Her work grew and, by the following year, she was also responsible for the chaplaincy at the University of Witwatersrand. But another curveball was waiting for her. She was moved to Bethesda Mission in Houghton to complete her training.
Ordained in 2019, she settled in. “I think the one thing I missed that amazing day was my grandmother. I think about her a lot.”
She started 2020 on a high. The first service every year is the covenant service, which is always led by a senior superintendent. She led it as a junior.
But social media was buzzing with harsh and berating comments of how could a junior lead such an important service.
“I remember I heard from colleagues all the way from the Eastern Cape how everyone was talking about this young minister doing the service. I cried at some point. It was really difficult.
“But every bit of these experiences has given me pause where I would ask God, ‘is this what you want, is this the trouble you’re bringing me to? Should I be going through this if, really, undibizile? [you have called me].’ I have had a number of those and call them signposts. No matter how much I don’t understand, I use them to direct me.”
She continued her work at Bethesda at the height of the Covid-19 pandemic, attending burials when no one was allowed near a coffin, consoling people who had lost jobs and giving those who had lost hope a scripture to hold on to.
The church moved online. You couldn’t be a minister who could simply preach. Mcinga had to step up, feature in videos on YouTube and Facebook.

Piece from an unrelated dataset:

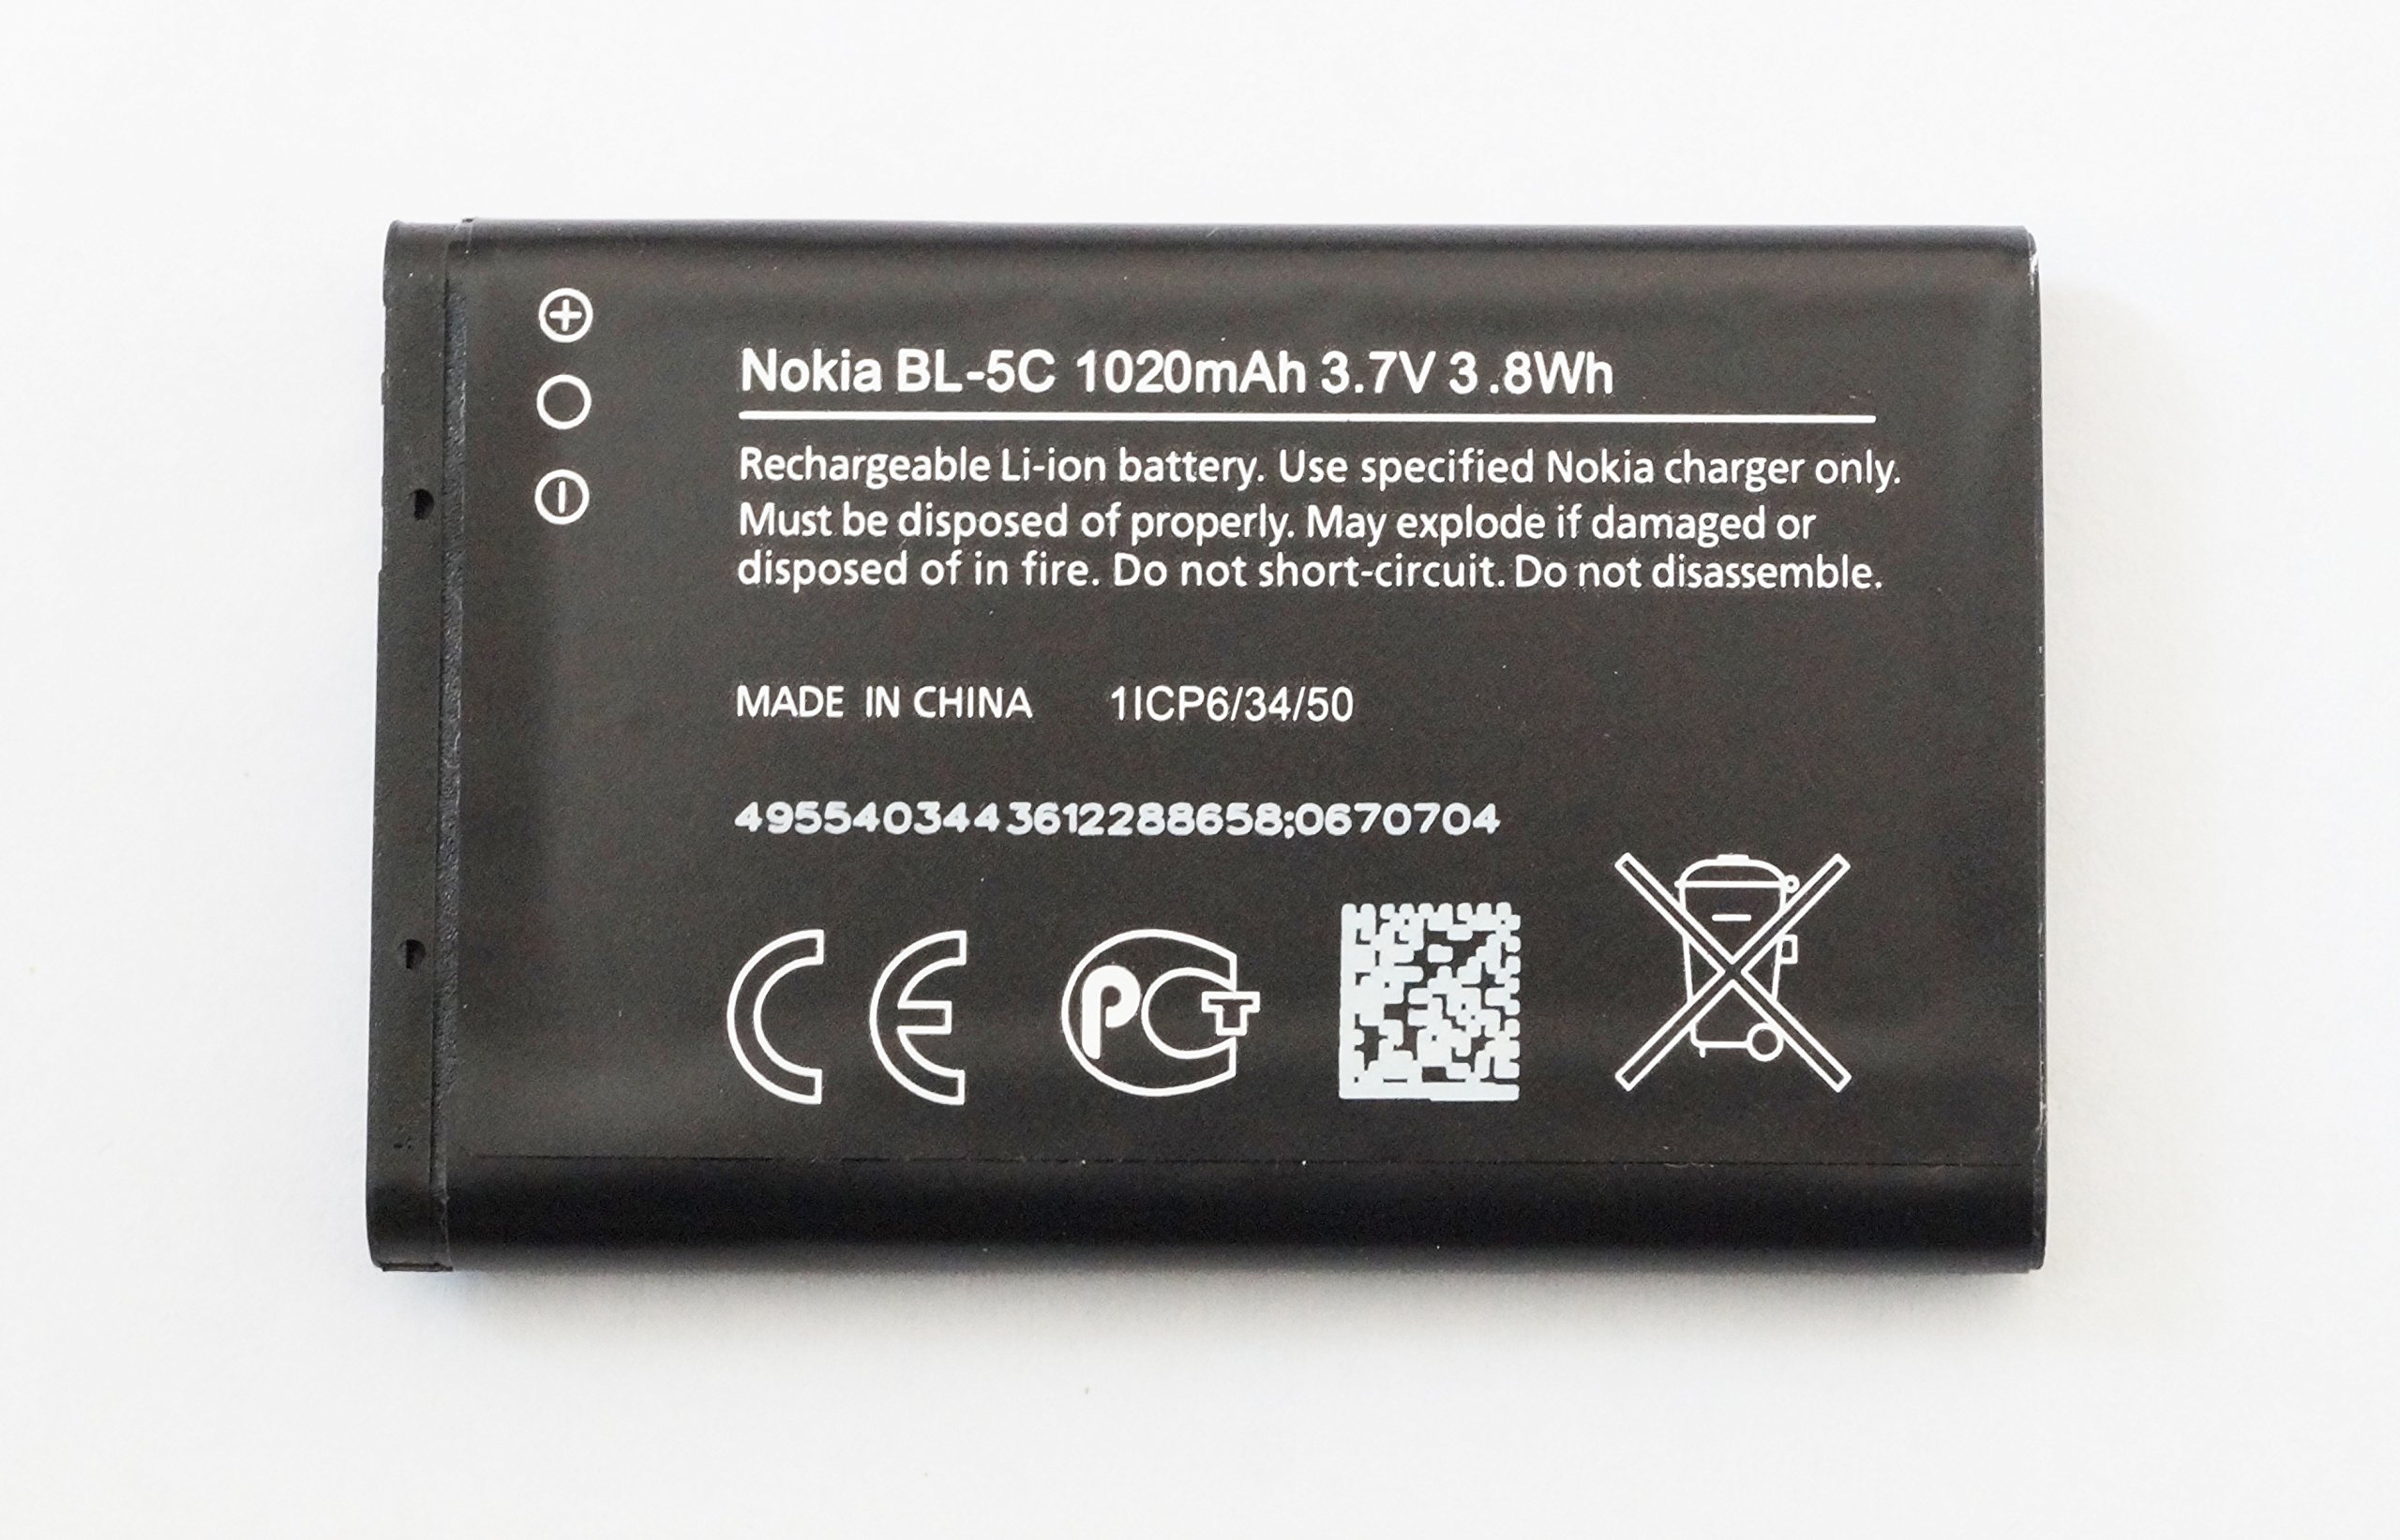 Требуется хороший аккумулятор для nokia с большим запасом энергии: выбираем bl-5c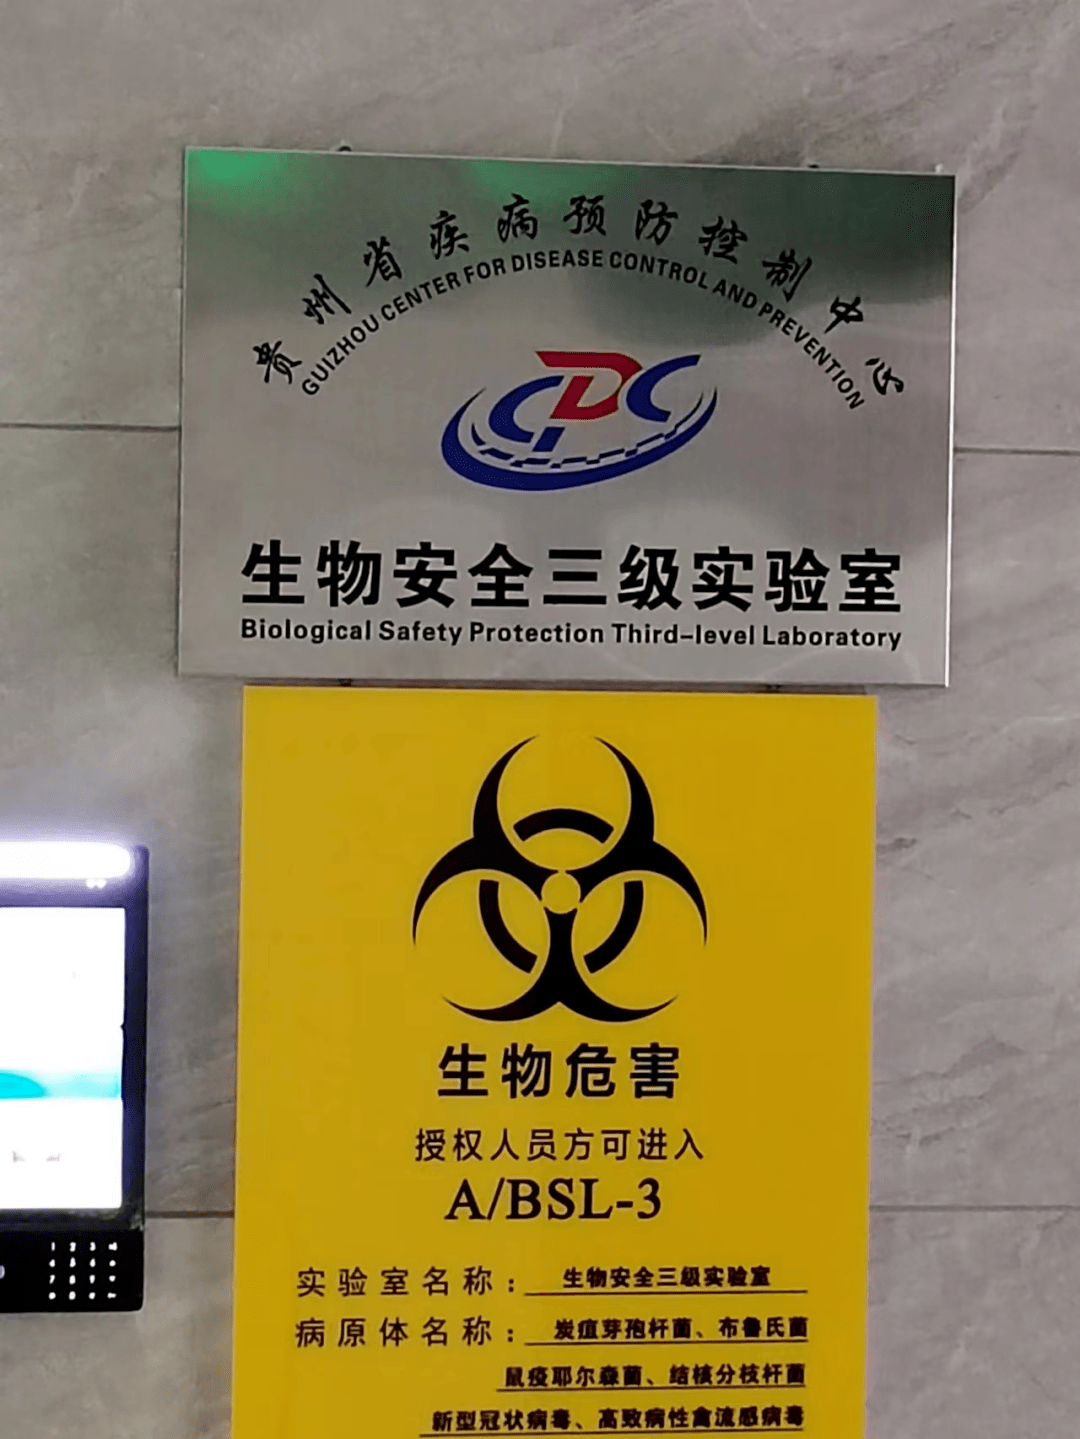 贵州省疾病预防控制中心生物安全三级实验室荣获国家认可资格批准

She watched a lot of “how to” clips. Over the past two years, she had to look out for more signposts.
“I was quite clear from the beginning that I didn’t believe I was meant to be a minister. These seats are reserved for others who are worthy. But I am here and I use these signposts to guide me.”
As she was getting to grips with the pandemic’s havoc, she received a call that she should step up to be the superintendent of the circuit.
Her mind said, “No, it can’t be.”
“I held onto the thought that I had to have five years of being a minister. This is a big role, overseeing about seven ministers. I couldn’t understand why now.”
Not long after this, her role and responsibilities in the Bethesda church increased. Leading a circuit, its finances, year plans and a major church is not a simple role.
“All this brought me back to my knees. Over the December holidays, I had many moments of asking God how I was going to do this; am I going to be able to do this; am I not going to fail in this, am I supposed to here?”
Mcinga continues to look for signposts in her journey of service.
“Some look at you and think you have made it, or you are representing women. But it’s not how it feels. I am not an activist. But I am here and I have to trust God.”